As Zuboff explains, data is the quantification of human experience. Privately owned, it is exploited by companies for profits, manipulating consumer preferences and exposing people to ravenous corporate and political propaganda campaigns. Under state capitalism, private tyrannies own a public good — data generated by people — for personal gain.
Indeed, this is par for the course. As I have covered in The Free-Market Fraud: Tech Innovation and Alternatives, the basis of our technology economy lies in the state. Subsequent technology transfers to the private sector ensure the privatization of profits and socialization of risks and costs. Public data undergoes a congruent process of exploitation by a few at the expense of the many.

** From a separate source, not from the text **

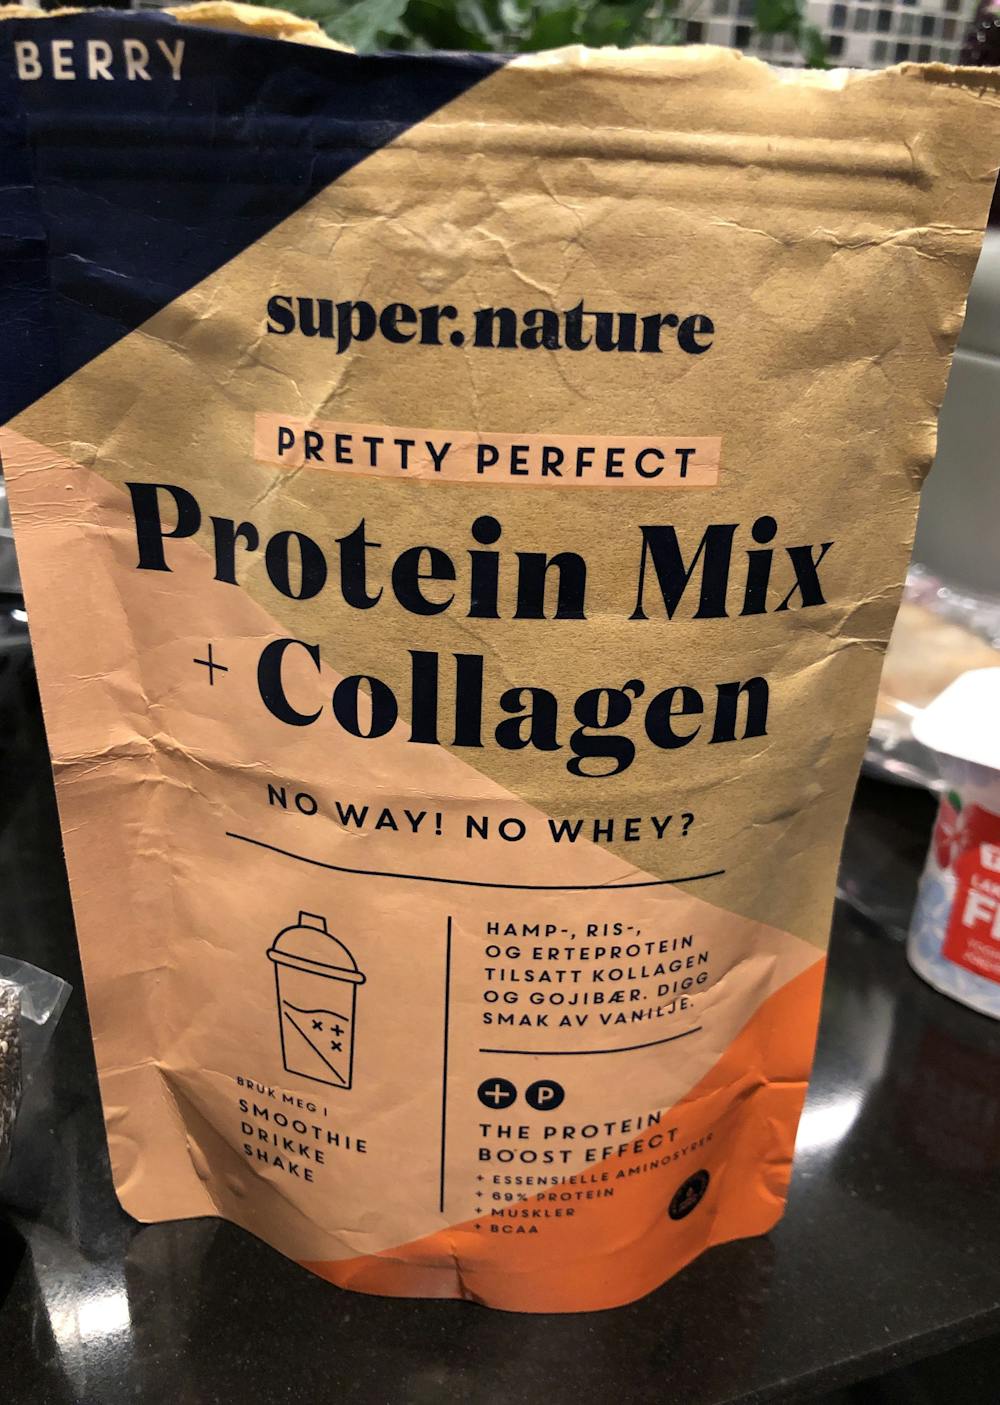 Protein mix + collagen, Super.nature

Yet, at the same time, today’s data and computation systems open new answers for old questions about a socialist construction of our economy. The opportunity is ripe to not only oppose these state and corporate structures, but offer an alternate design.
And it begins with data.
Market Signals and Alternatives
Italian Marxist philosopher Antonio Gramsci coined the phrase ‘hegemonic common sense’ to describe the water we swim in daily, without pondering over the very nature of the water. An example of such hegemonic common sense today is Friedrich Hayek’s neoclassical economics that guides our politics and economy. In broad strokes, the model features price as a container of information that is instantly available for decision-making and commerce. Other information such as reputation also contributes to the daily workings of the market — a hypothesized efficient construct that naturally reveals optimal outcomes based on these signals.
It is a herculean act of will to ignore the shortcomings of this logic in practice. A salesman withholding information, an e-commerce company spreading misinformation with online bot armies (also available for purchase in the market) are examples of how the market allows for, and even encourages new products that undermine the market. The mere existence of a $13B public relations industry (a polite term for propaganda) that dedicates itself to creating “the uninformed consumer making irrational choices,” as described by Noam Chomsky, is enough evidence against Hayekian optimality.
These facts, combined with the emergence of promising technologies open the door for socialists to formulate new modes of operation for the following:
- Discovery: the process by which routine experimentation and development can proceed to find solutions to human problems
- Labor organization and coordination
- Information exchange to facilitate resource, intelligence and labor networks.
Discovery and Development
Today’s profit and rent maximization engines prohibit efficient discovery of problems and corresponding solutions. Capital is only directed to extract short-term profits. Problems that require immediate attention — climate change, healthcare, impoverished research divisions — are neglected and even exacerbated for profits.
With modern information systems and data acquisition, it is conceivable to create public repositories of large datasets extracted from deployed services (remember, it belong to us all anyway). Based on these sets, state and federal project councils can publicly fund and operate periodic communal engineering events.
The goal would be to isolate a few problems and pursue proposed solutions starting at the end of each given event. While algorithm design and software engineering only form one part of the labor, technicians, mechanics, construction engineers, artists and other specialists would also be recruited for the publicly or cooperatively-funded projects.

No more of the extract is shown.